Low-Rank Adaptation (LoRA) is a parameter-efficient fine-tuning method for large neural networks that injects trainable low-rank matrices into existing weight layers while freezing the original weights. Instead of updating the full d×k weight matrix, LoRA learns a low-rank decomposition ΔW = A·B with rank r ≪ min(d,k). This drastically reduces trainable parameters, GPU memory, and optimizer state while preserving the base model’s knowledge and stability. LoRA is commonly applied to attention and feed-forward projections in decoder-only Transformers, and can be combined with quantization (QLoRA) to fine-tune models stored in 4/8-bit while training small FP16 adapters. The approach enables multi-tenant adapters, rapid iteration on domain or task skills, and safe rollback by swapping or disabling adapters without touching the base checkpoint.
What is Low-Rank Adaptation (LoRA)?
LoRA reframes adaptation as learning a constrained update to frozen weights. For a weight W0, the forward uses W = W0 + A·B·α, where A ∈ R^{d×r}, B ∈ R^{r×k}, r is small, and α scales the update. Only A and B receive gradients. Typical placements are query/key/value, output projections, and MLP up/down matrices. Rank r (e.g., 4–64), learning rate, target layers, and scaling are tuned to trade accuracy and cost. LoRA composes: multiple adapters can stack or merge, and trained adapters can be merged into the base for deployment.
Why it matters and where it’s used
LoRA enables cost-effective, rapid fine-tuning on modest hardware, supporting on-prem, regulated, or multi-tenant scenarios. Teams ship many domain-specific variants (legal, customer support, coding) by swapping adapters, keep base models stable, and reduce drift risk. Paired with QLoRA, it unlocks 7–70B class models on a few GPUs.
Examples
- Domain adaptation: add a medical adapter for clinical Q&A without altering the base.

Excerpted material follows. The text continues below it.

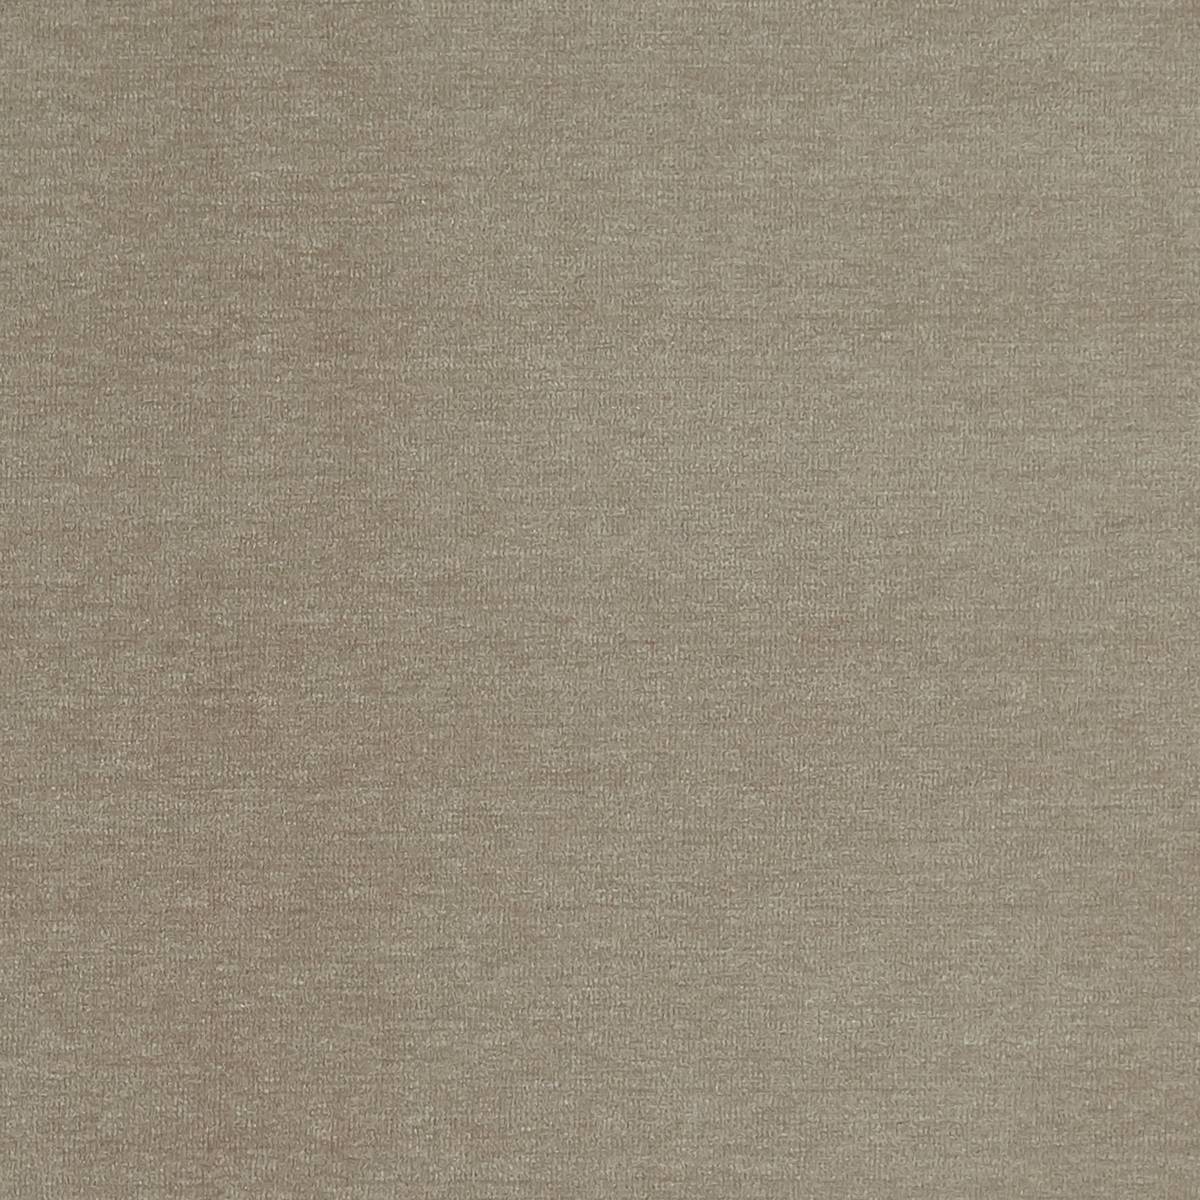 Maculo Taupe Fabric by Clarke & Clarke

- Style/brand tuning: adapters that enforce tone and formatting for customer replies.
- Feature flags: enable/disable adapters per tenant or task at runtime.

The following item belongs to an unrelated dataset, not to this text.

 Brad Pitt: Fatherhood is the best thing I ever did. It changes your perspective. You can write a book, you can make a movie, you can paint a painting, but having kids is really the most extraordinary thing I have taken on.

- Merge for export: fold A·B into W0 to deploy a single dense checkpoint.
FAQs
- How does LoRA compare to full fine-tuning? Similar quality at far lower memory/compute on many tasks, with easier rollback and versioning.
- What rank should I choose? Start small (r=8–16) and scale with task difficulty and data size; monitor validation.
- Does LoRA work with quantization? Yes—QLoRA stores frozen weights in 4/8-bit and trains FP16 adapters.
- Can I target only some layers? Yes; adapting attention and first MLP layer often gives strong returns.
- How do I deploy? Either load base + adapters at runtime or merge adapters into the weights for a single model.